[Requirement]: With every picture left out, give the data below back exactly.

[Dataset section]:
-------

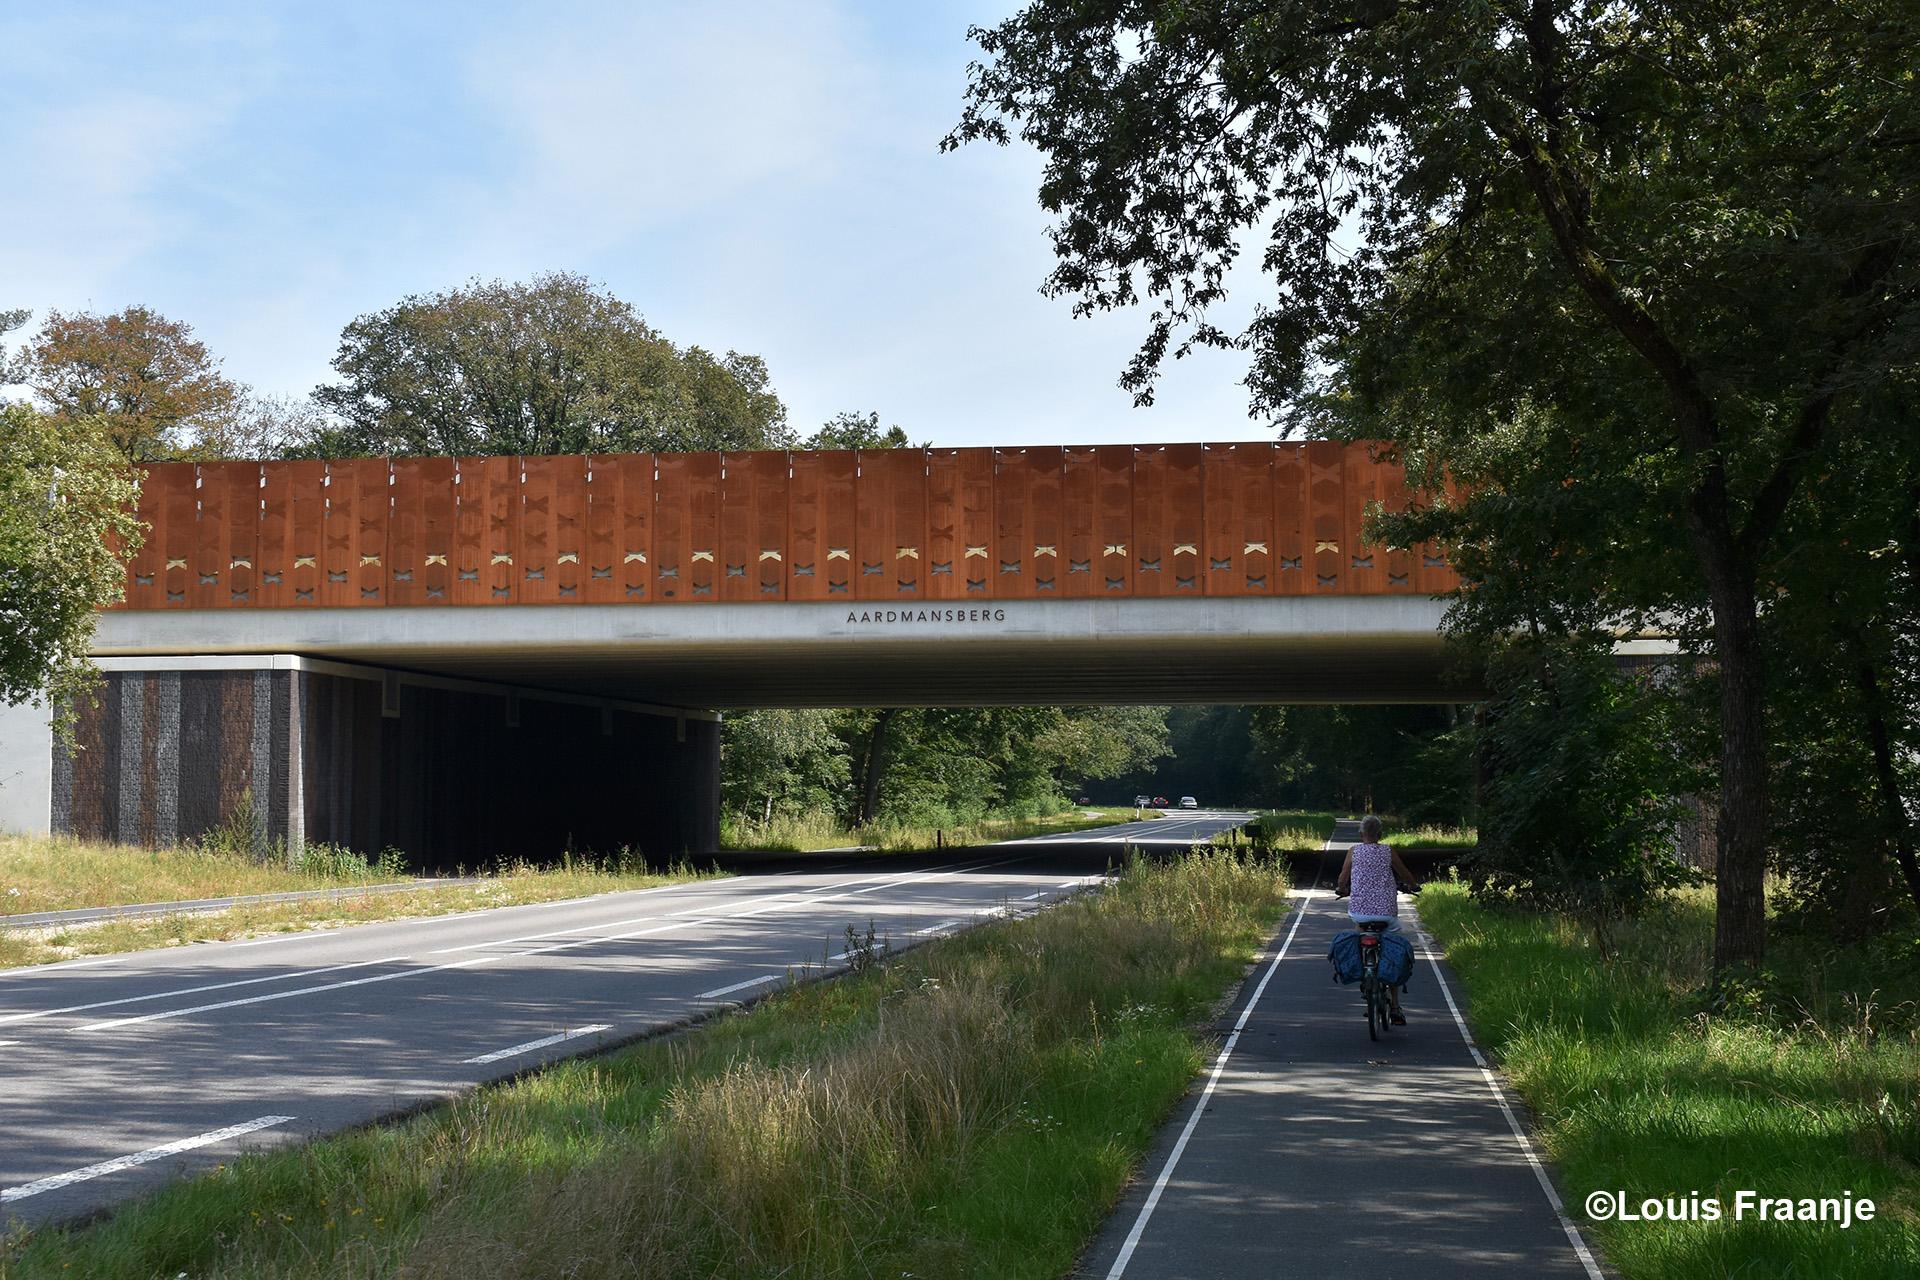 Het ecoduct Aardmansberg dat weer een extra verbinding voor de fauna is in het Kroondomein - Foto: ©Louis Fraanje
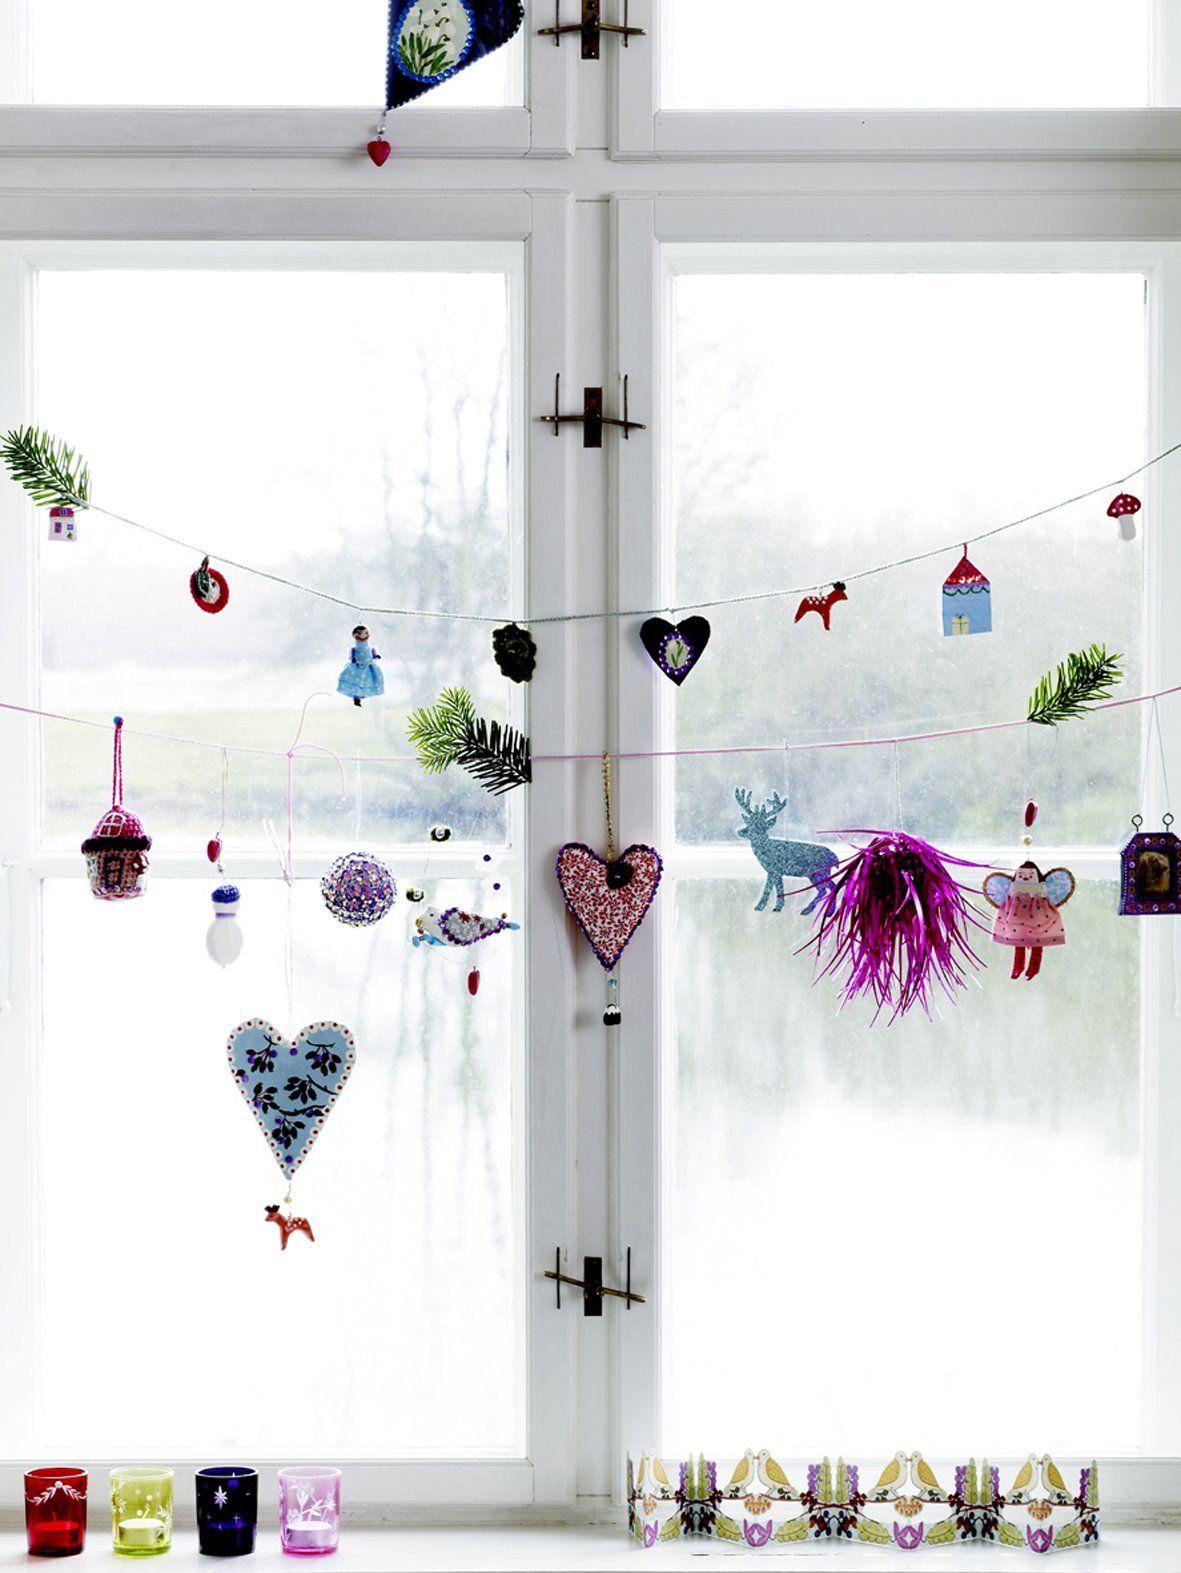 Окно, украшенное новогодней гирляндой
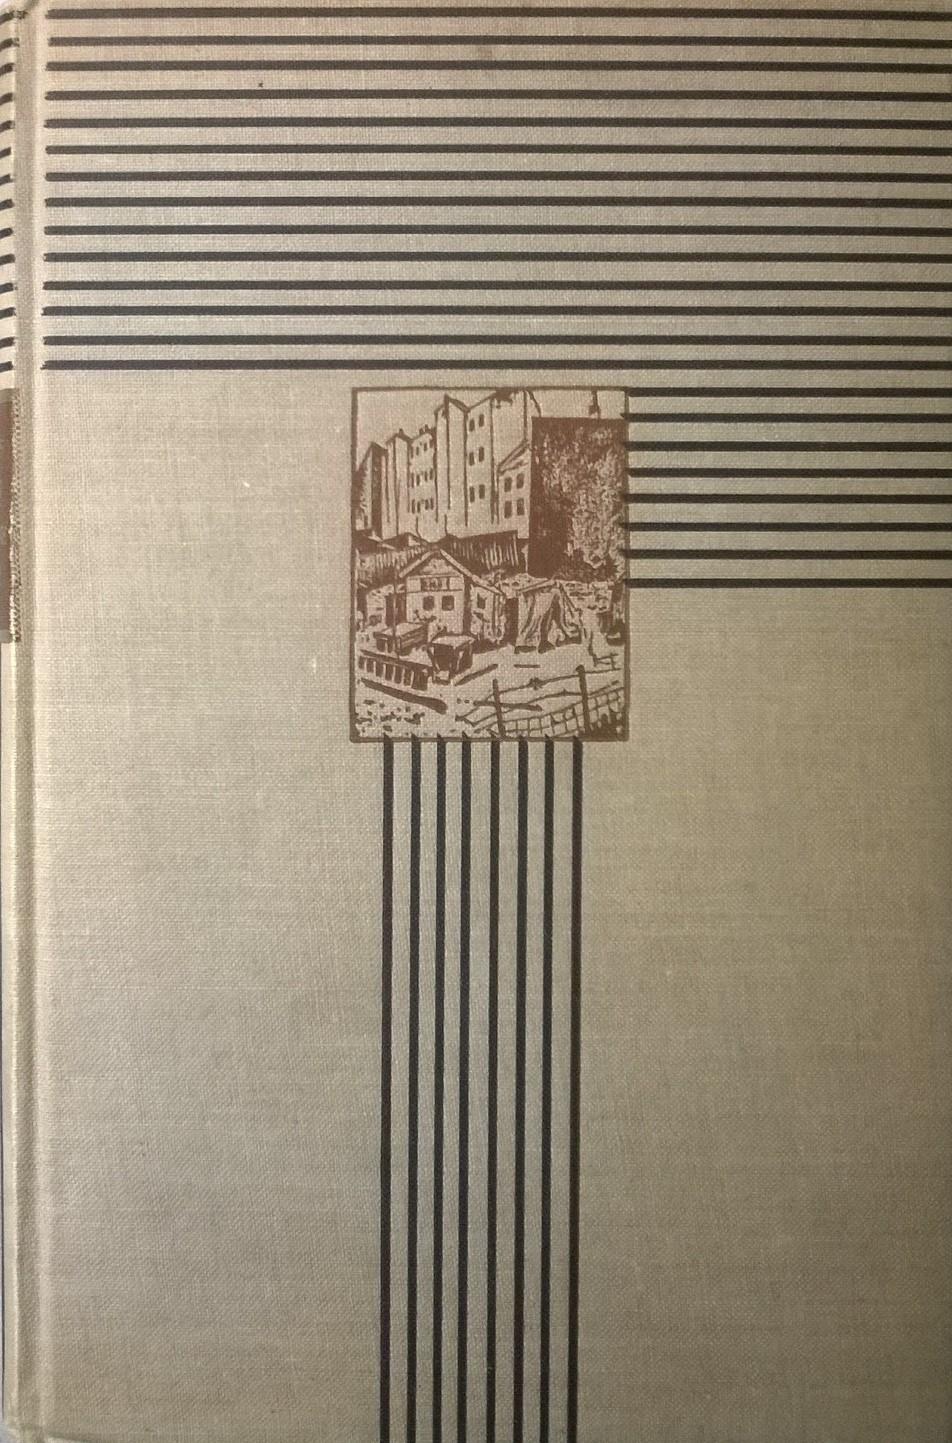 Nilsen, Rudolf Samlede dikte: Med et forord av Arnulf Øverland

-------

[Expected answer]:
 Het ecoduct Aardmansberg dat weer een extra verbinding voor de fauna is in het Kroondomein - Foto: ©Louis Fraanje
 Окно, украшенное новогодней гирляндой
 Nilsen, Rudolf Samlede dikte: Med et forord av Arnulf Øverland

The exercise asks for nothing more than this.